We recently compiled a list of the 7 Best Big Company Stocks to Buy Now. In this article, we are going to take a look at where Meta Platforms, Inc. (NASDAQ:META) stands against the other big company stocks.

Mega-cap stocks—major technology companies to be precise—continued to drive a disproportionate share of the total US stock market returns. Market experts believe that from 2023 beginning to May 2024 end, only a handful of the biggest and most well-established technology companies drove ~60% of the S&P 500’s 40%+ gain.

FactSet reported that, for 2Q 2024 (with 93% of S&P 500 companies publishing actual results), ~79% of the S&P 500 companies reported positive EPS surprises. On the other hand, ~60% of S&P 500 companies reported positive revenue surprises. In 2Q 2024, semiconductor companies’ stocks were the critical drivers for the S&P 500 Index.

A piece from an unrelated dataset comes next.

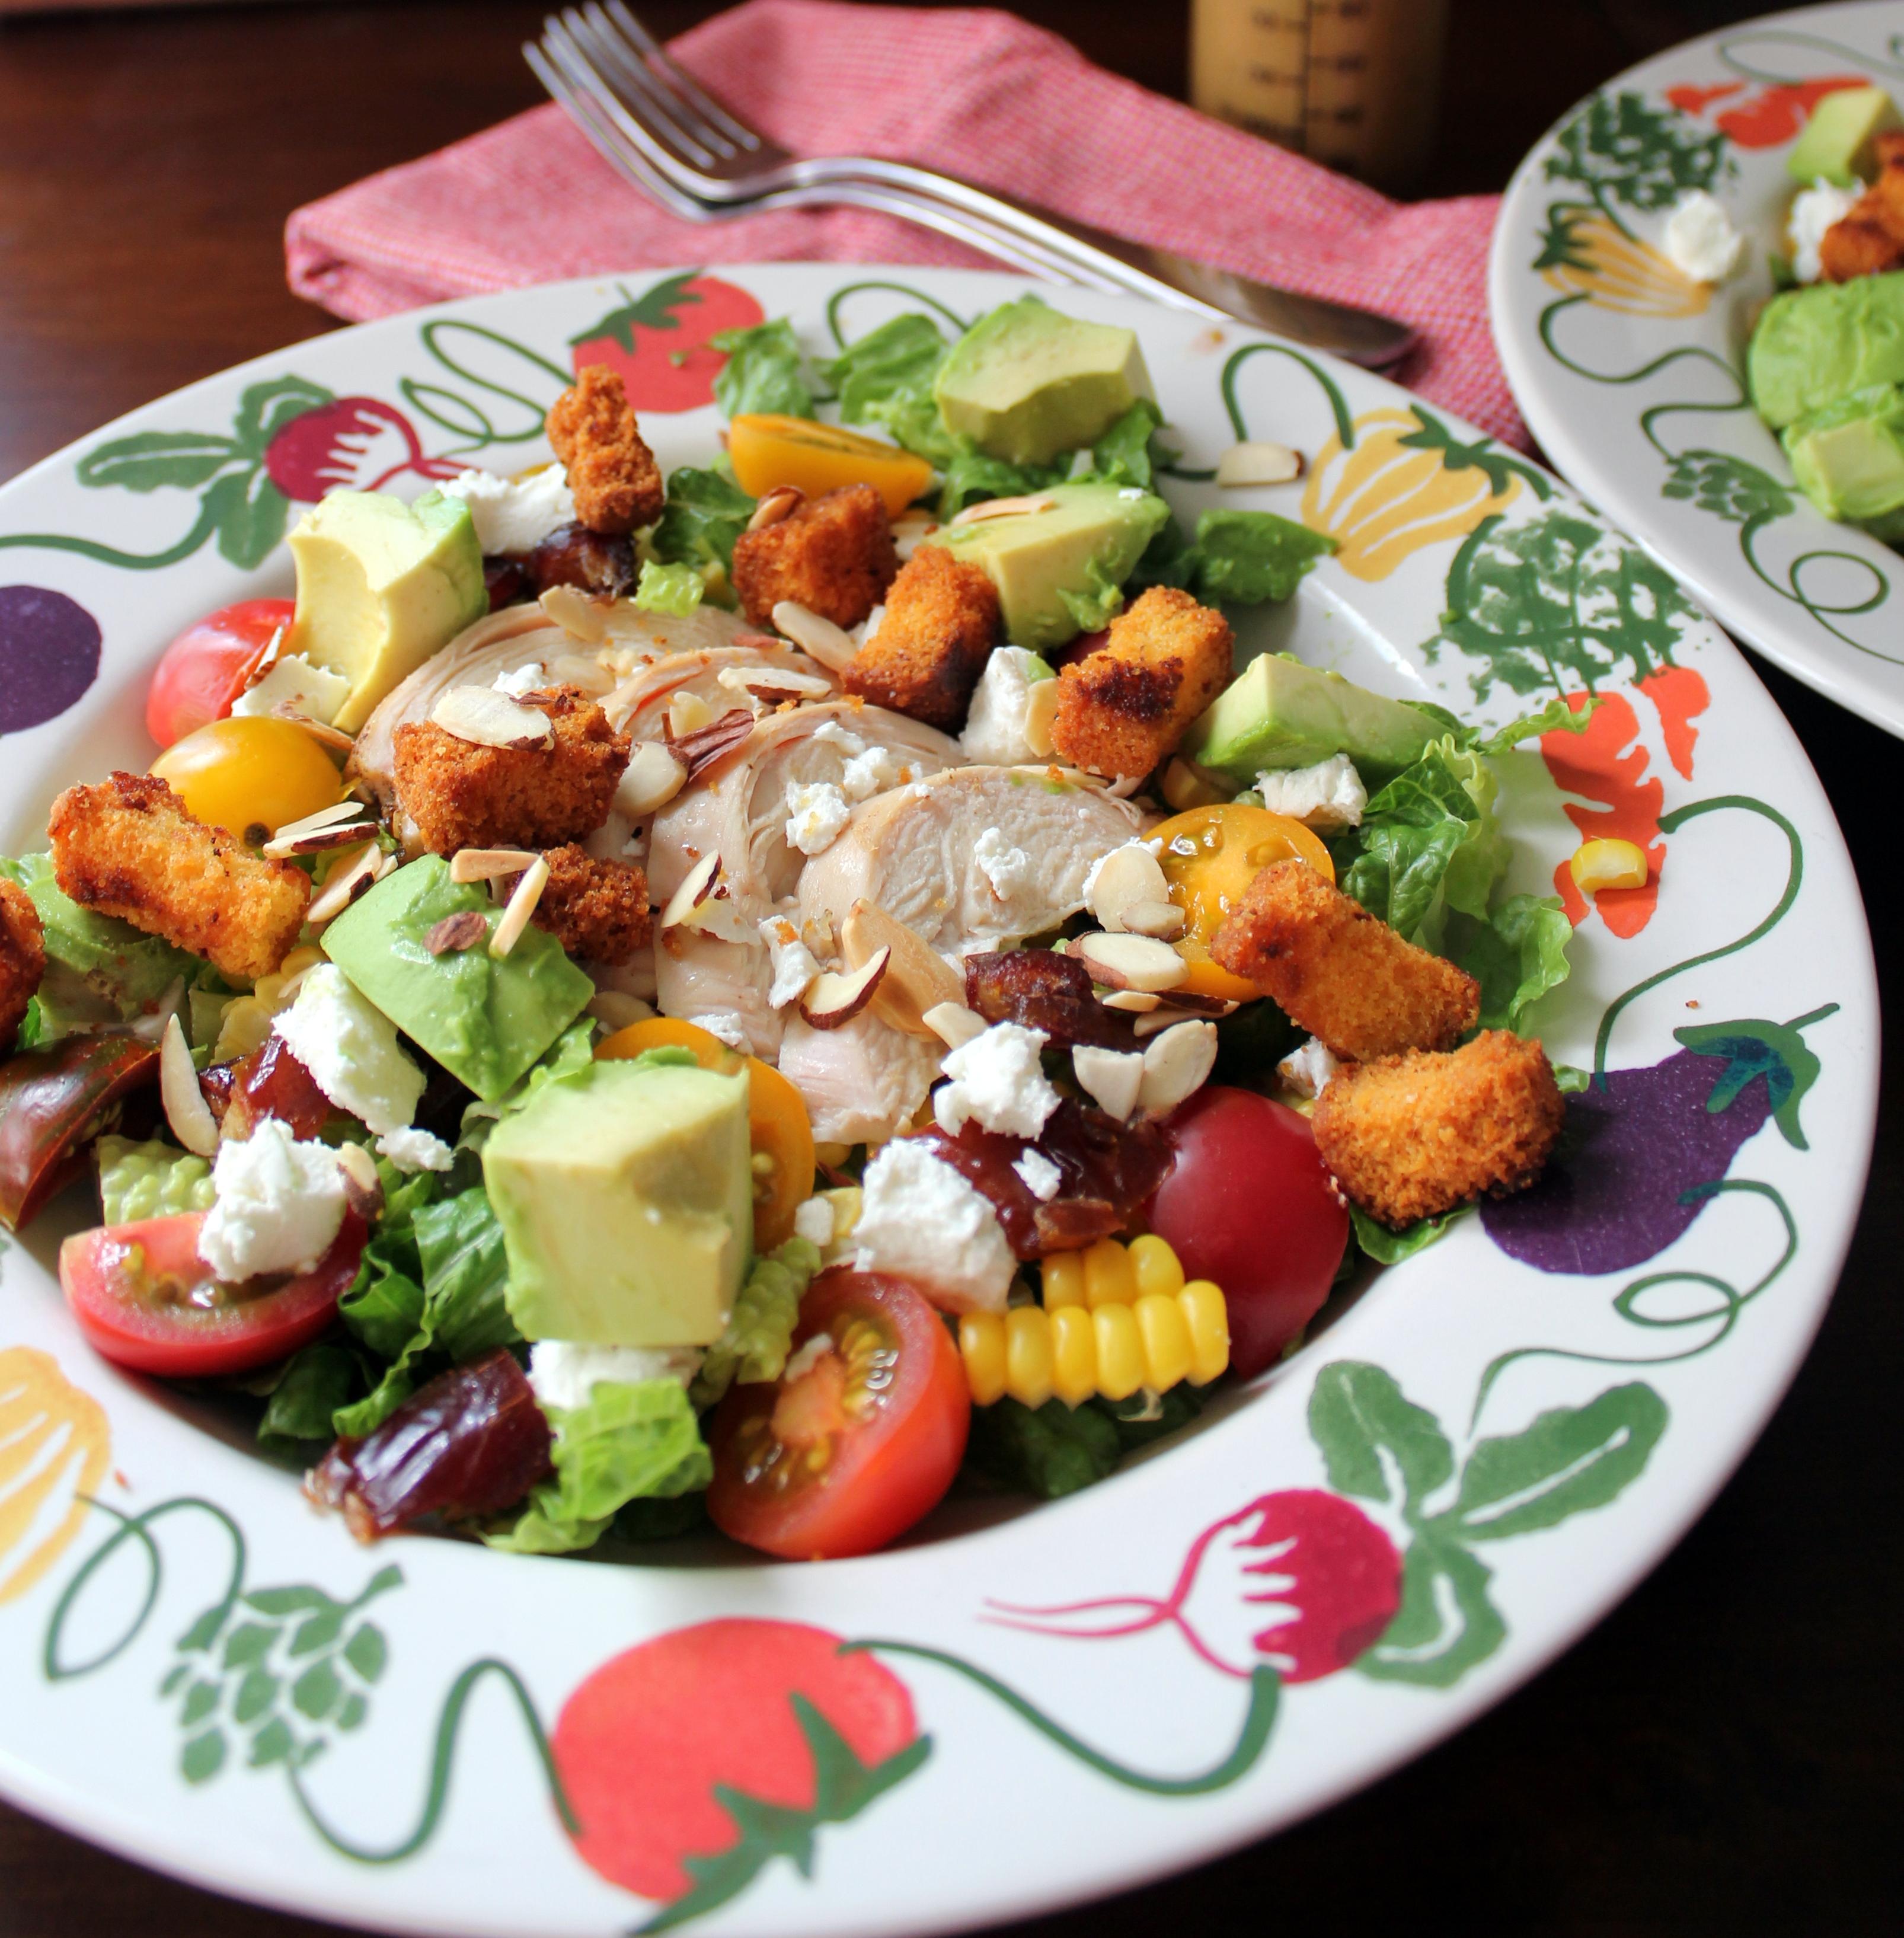 Bandera's macho salad

The AI themes supported other sectors, like utilities, seeking support from higher electricity demand for AI data centers.

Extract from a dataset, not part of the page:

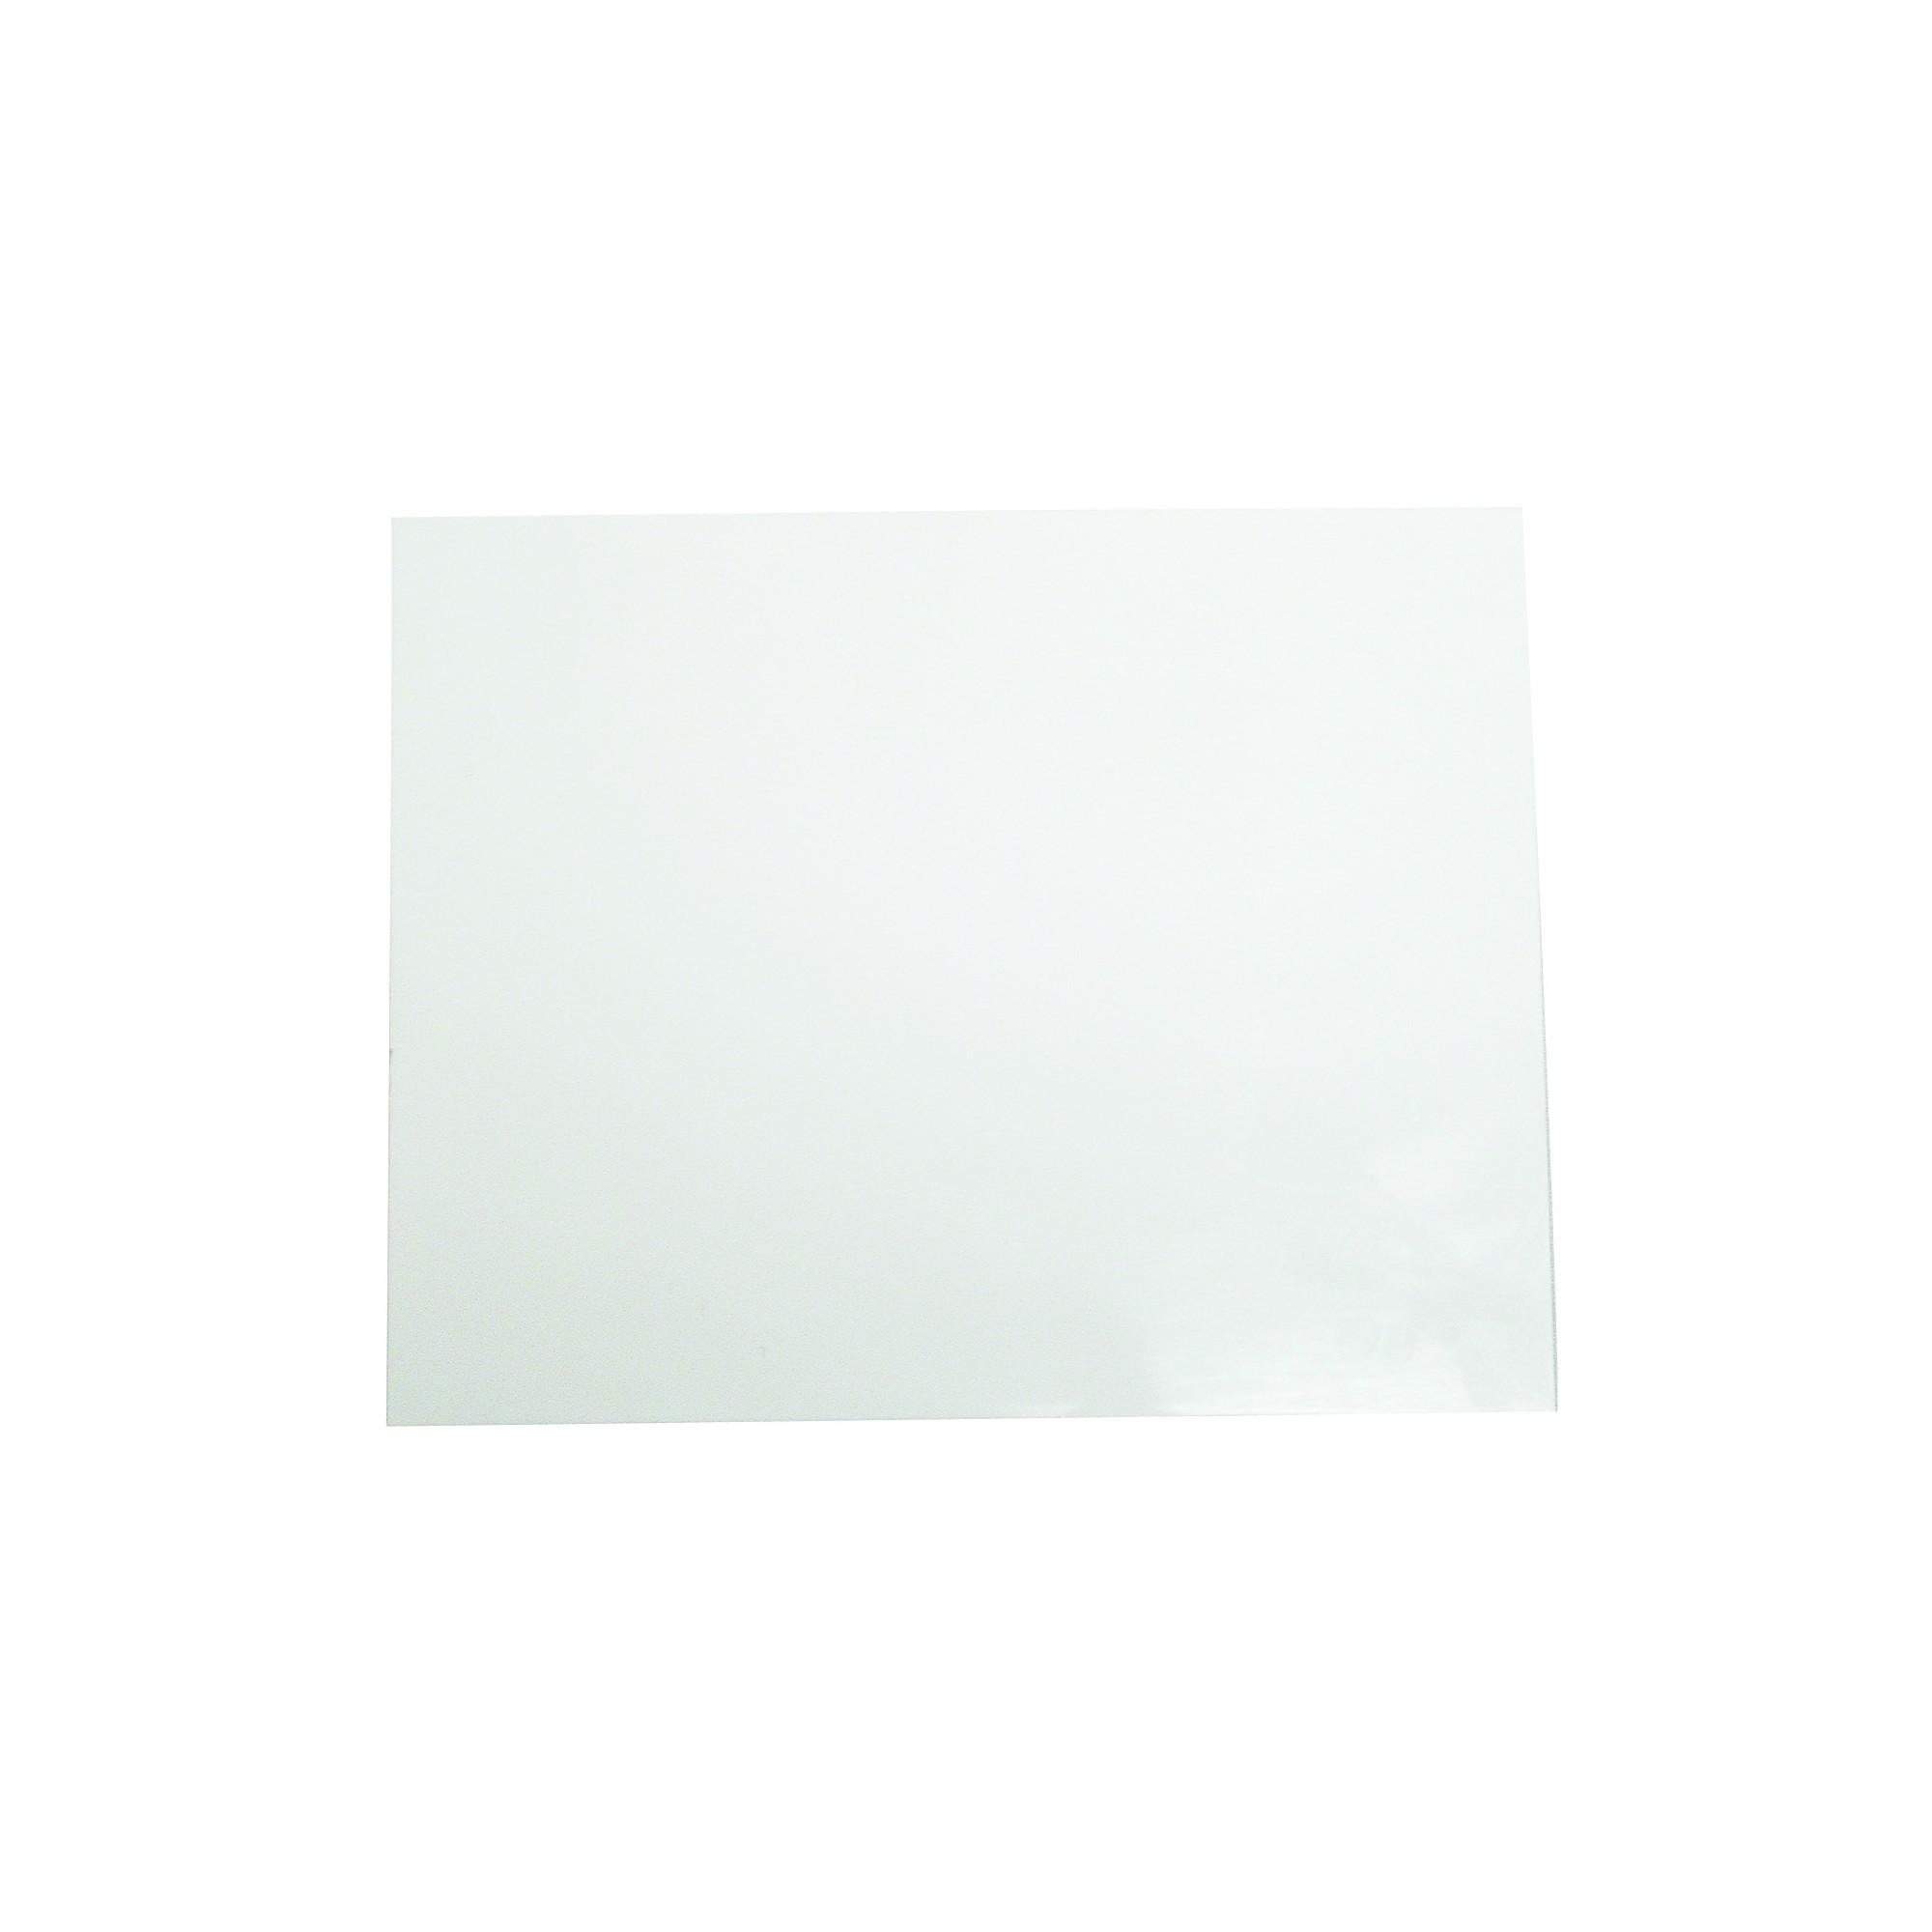 Plaque de travail rigide - 20x25cm

3Q 2024 Earnings Season – A Preview

Wall Street experts believe that estimates for 3Q 2024 have seen a decline and the magnitude of estimate cuts seems to be significantly bigger than compared to the comparable periods of the first 2 quarters of 2024. Market participants opine that total S&P 500 earnings should see an increase of 3.9% from the same period of last year on 4.7% revenue growth. These estimates have come down since the beginning of the period, as the current 3.9% growth had fallen from 6.9% at the beginning of July.

The decline in estimates stems from the risks associated with economic downside, slower disinflation, expectations for higher-for-longer rates, and increased geopolitical risks.  Apart from these risks, the uncertainty around the US Presidential elections remains the most important factor responsible for the decline in estimates.

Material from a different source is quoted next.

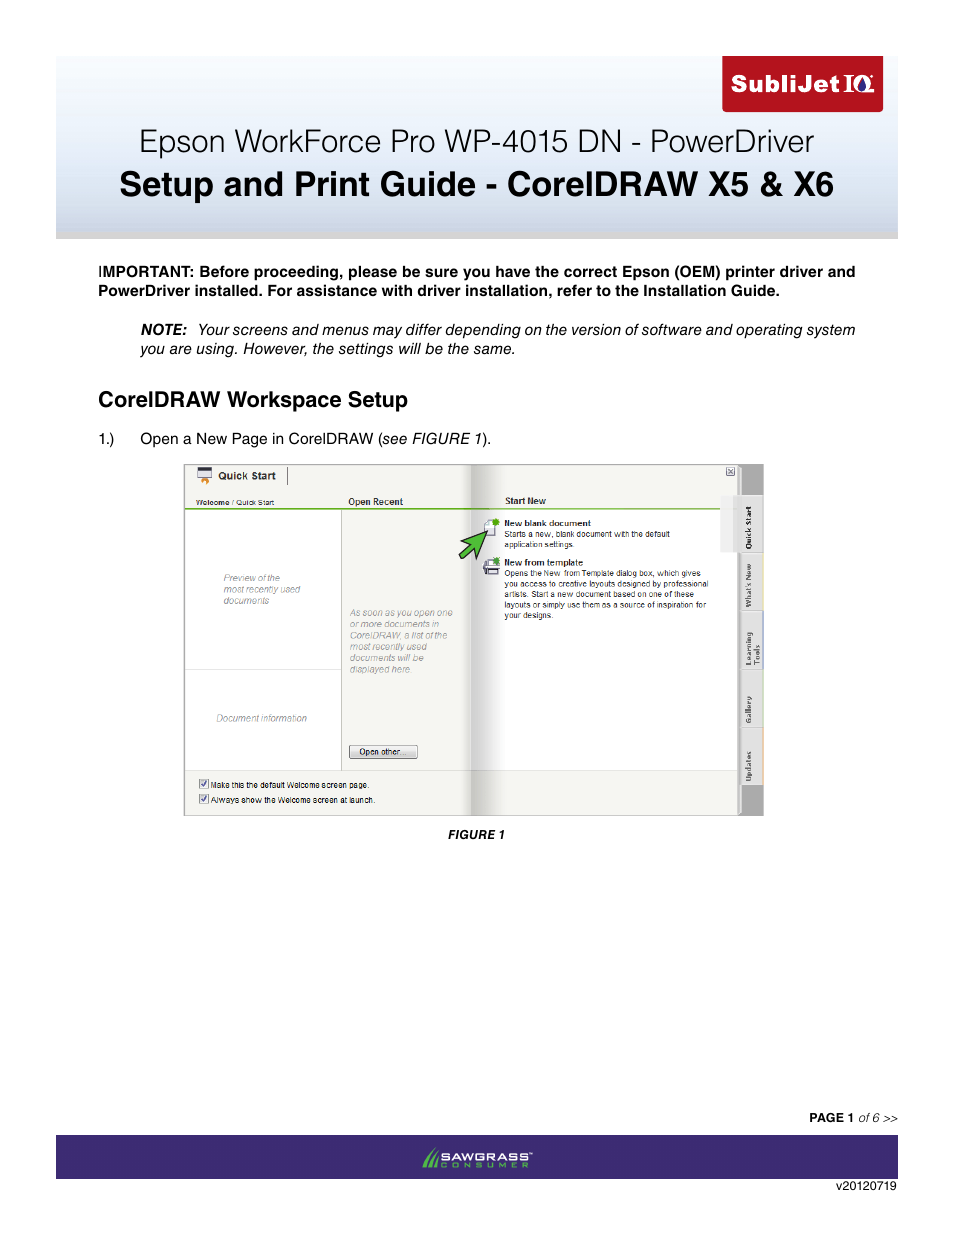 Xpres SubliJet IQ Epson WP-4015 (Power Driver Setup): Print & Setup Guide  CorelDRAW X5 - X6 User Manual | 6 pages

Wall Street analysts believe that uncertainty surrounding the US presidential election is expected to rise as the November vote draws closer. This can act as an additional headwind in the environment already demonstrating signs of losing momentum.

Reuters reported that populism, polarization, and an expected tight race can result in a surge in the economic policy uncertainty index (EPU). This is a news-headline-based index, which was created by economics professors Steven J. Davis, Scott R. Baker, and Nick Bloom. The rise in EPU takes place when an uncertain outlook about government policy prompts consumers to delay their spending and forces businesses to put a halt on investment and hiring.

Brandywine Global Investment Management (A Franklin Templeton Company), an investment management firm, believes that this might be happening in the current environment. The firm noted that the University of Michigan’s current economic conditions index remains below the expectations index. Notably, this is a rare occurrence, suggesting that consumers are anxious.

Amidst Worries, Investors Should Stick to Big Company Stocks

Analysts at Brandywine Global believe that this year’s election cycle, whether warranted or not, continues to impact the US consumer, which in turn, is impacting the corporate sector.

In the 2020 follow-up working paper, Davis (the co-founder of the EPU index) and his colleagues revealed that the EPU index tends to increase by ~18% in the month of November during a Presidential election. When elections come close, and there is a winning margin of less than 5%, and polarized, the EPU index can jump by ~28% in election month.

Political uncertainty can be a more powerful factor in asset prices, with investors focusing on the US Presidential elections. A JPMorgan survey revealed that investors continue to see political risk in the US and abroad as the top destabilizing metric for equities.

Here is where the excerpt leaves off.